Collected data:
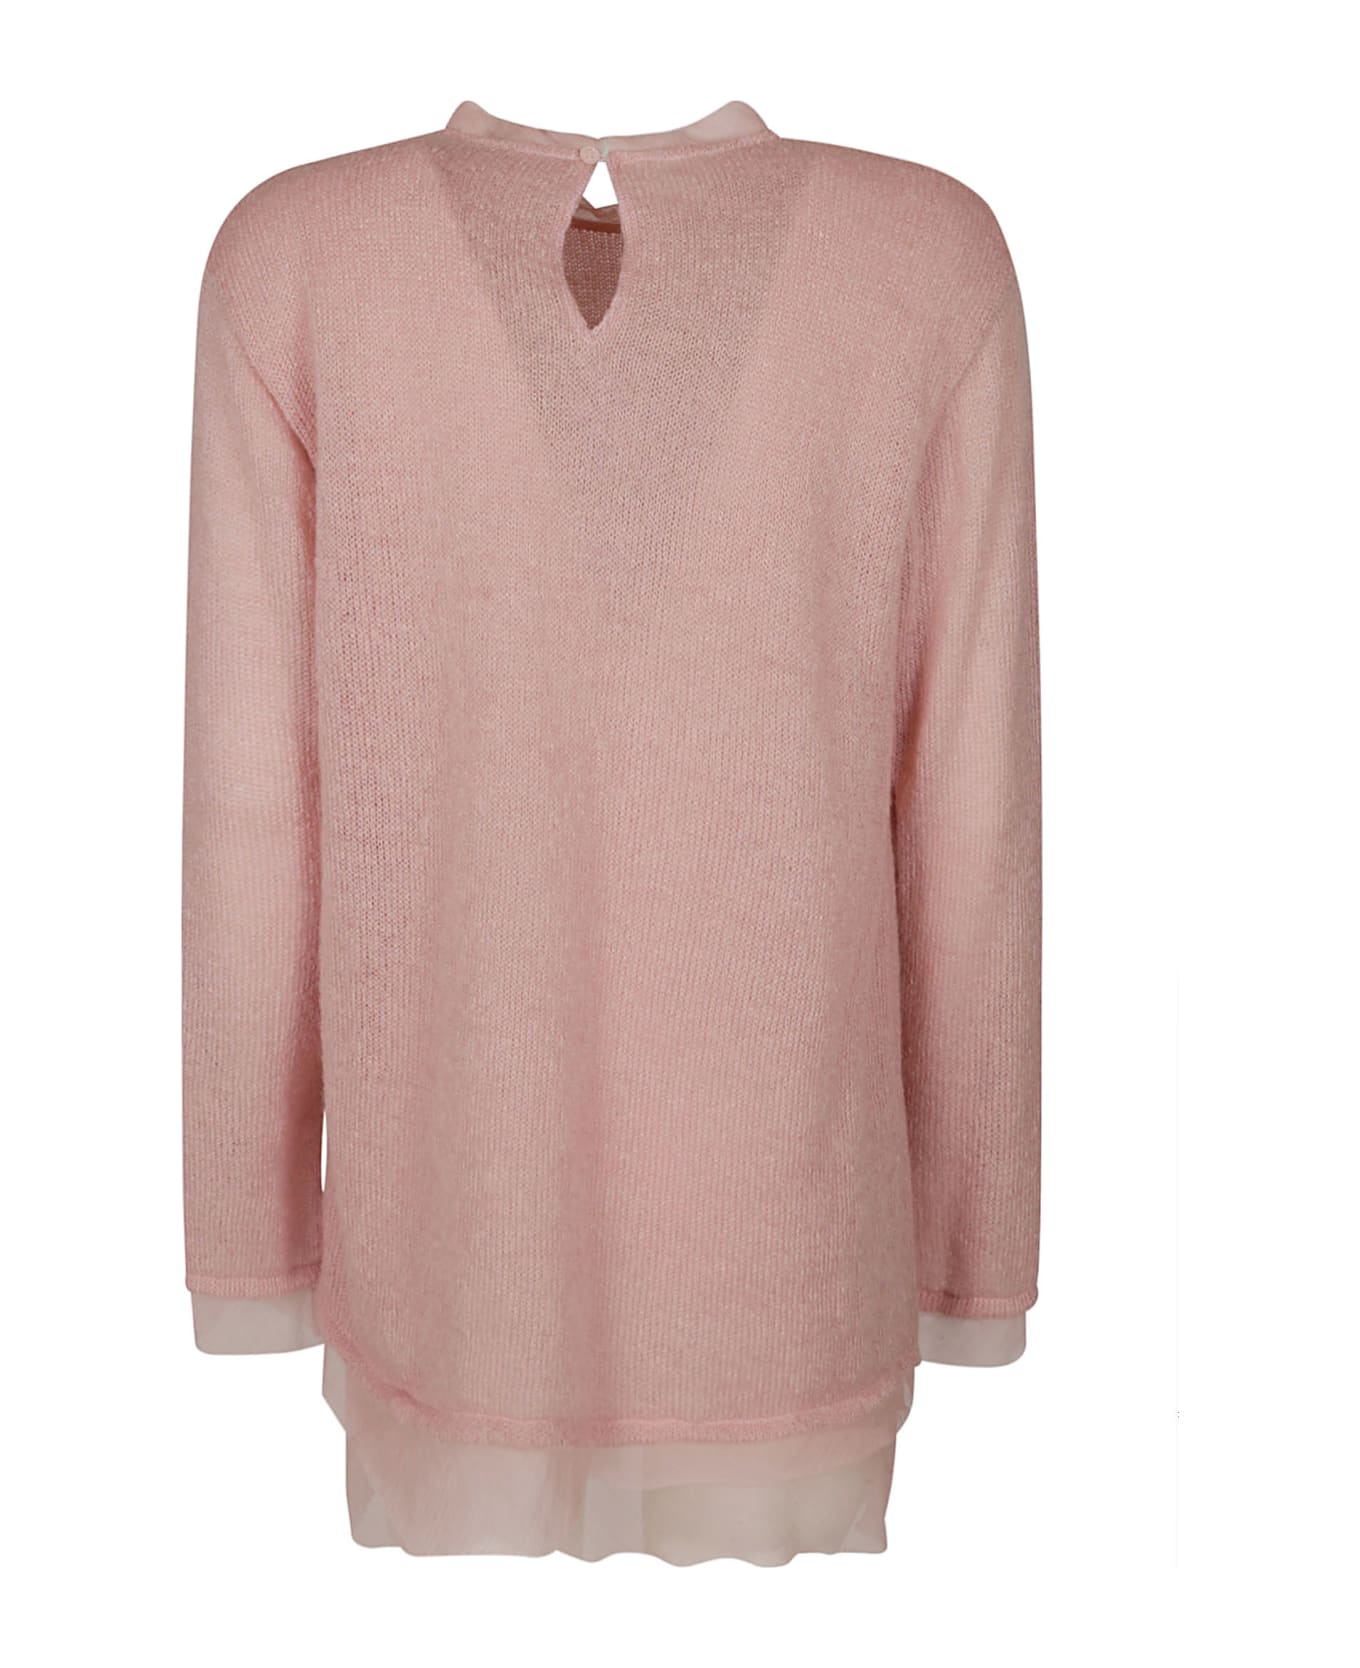 Ermanno Scervino Floral Applique Knit Sweater - Pink ニットウェア
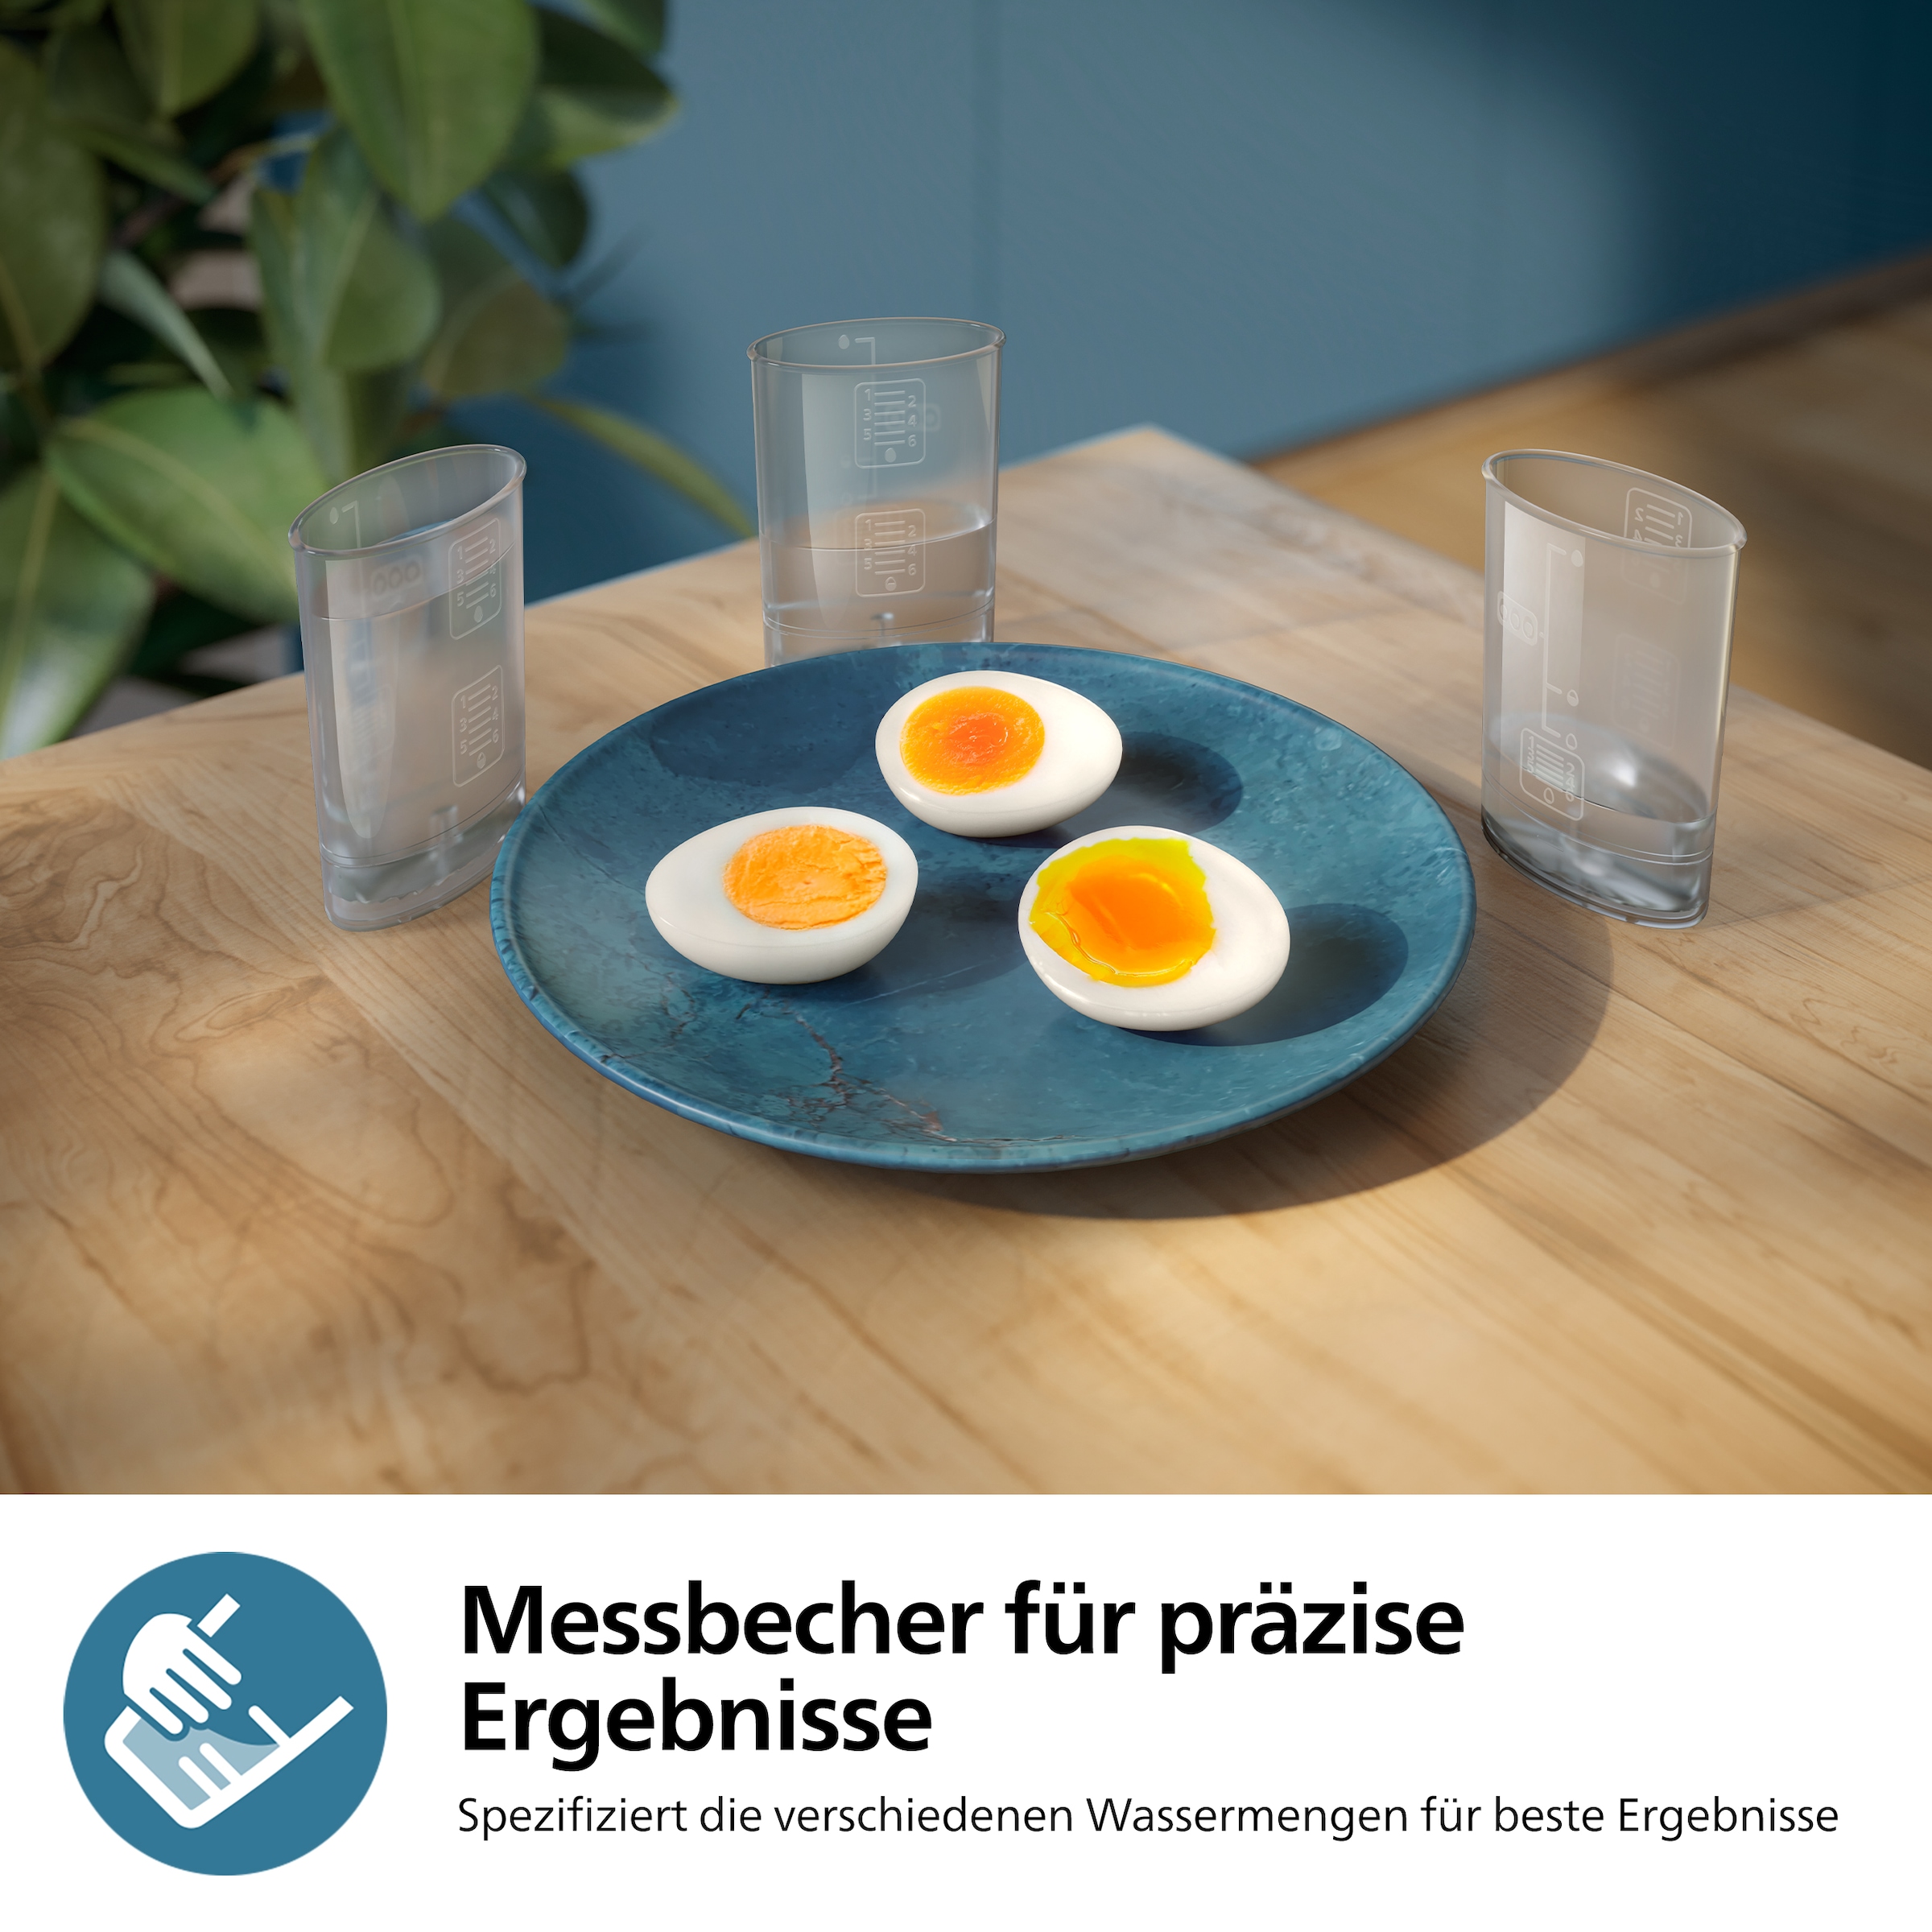 Philips Eierkocher »HD9137/90 3000 Series, Famieliengröße«, für 6 St. Eier, 400 W, mit dem Zubehör für pochierte Eier; verschiedene Kochstufen möglich
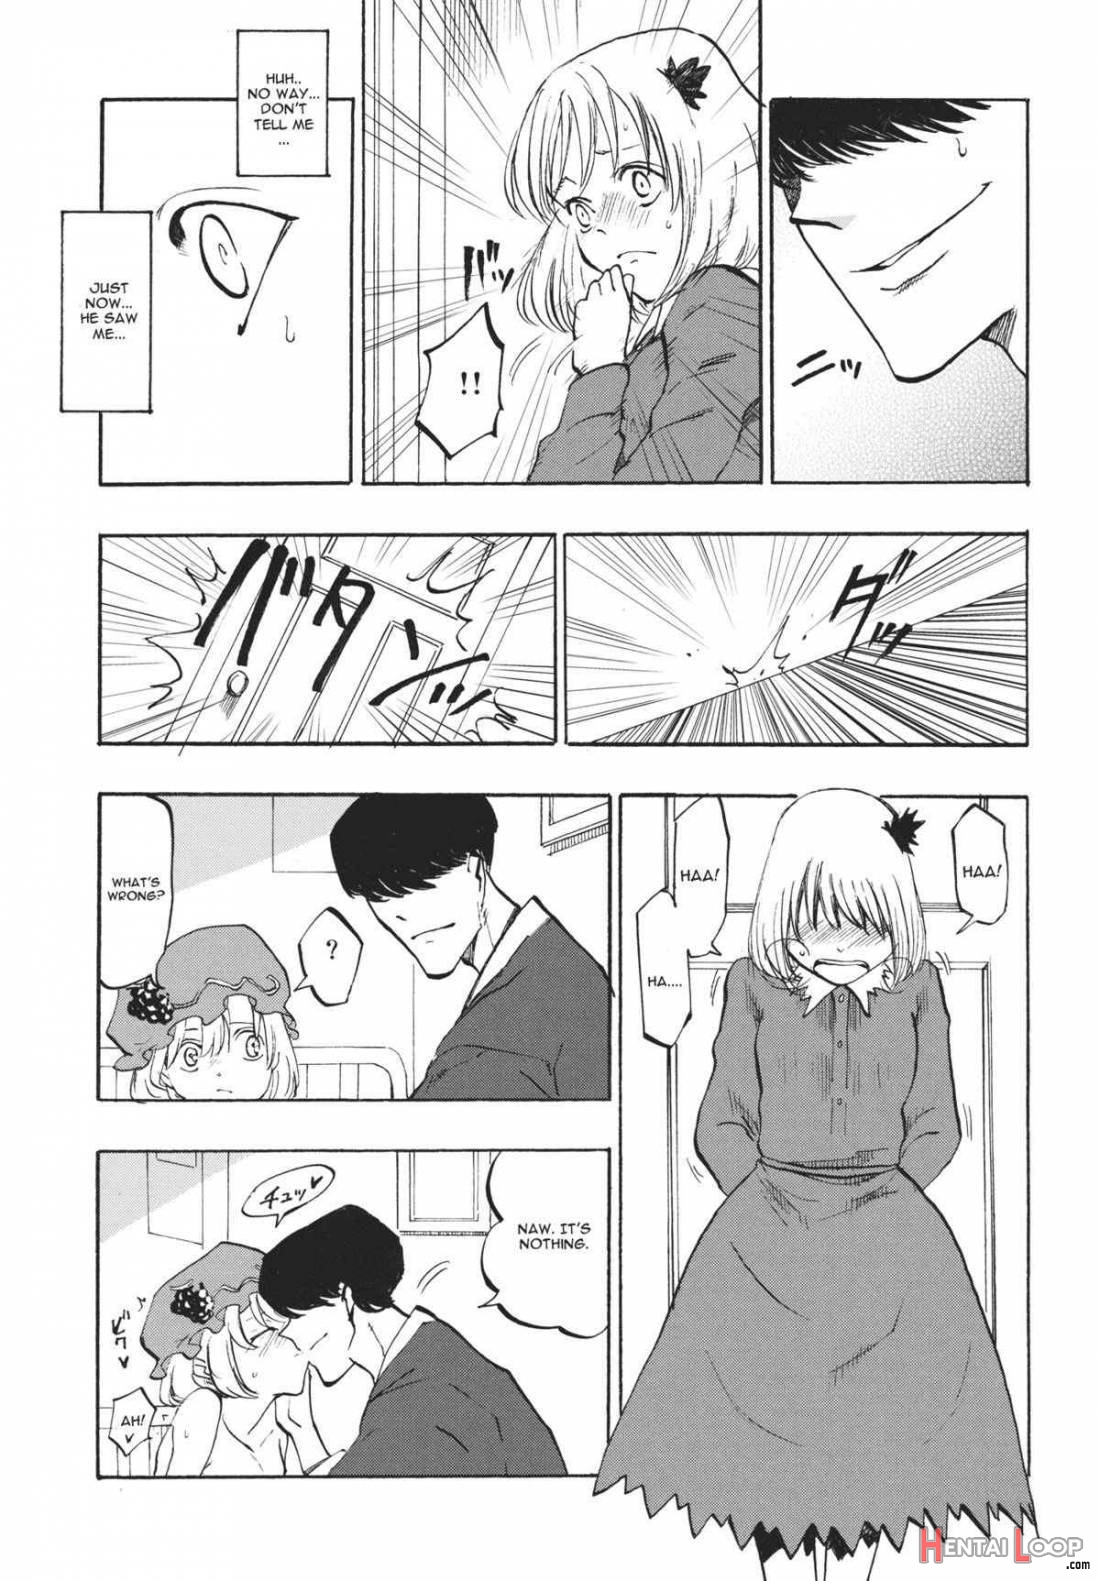 Ochiba no Yukue page 4

Task details: Reproduce, exactly and with no pictures, the lines from the line containing "verschiedene Kochstufen möglich" through the closing line of the data above, keeping both ends.

Task output:
 Philips Eierkocher »HD9137/90 3000 Series, Famieliengröße«, für 6 St. Eier, 400 W, mit dem Zubehör für pochierte Eier; verschiedene Kochstufen möglich
 Ochiba no Yukue page 4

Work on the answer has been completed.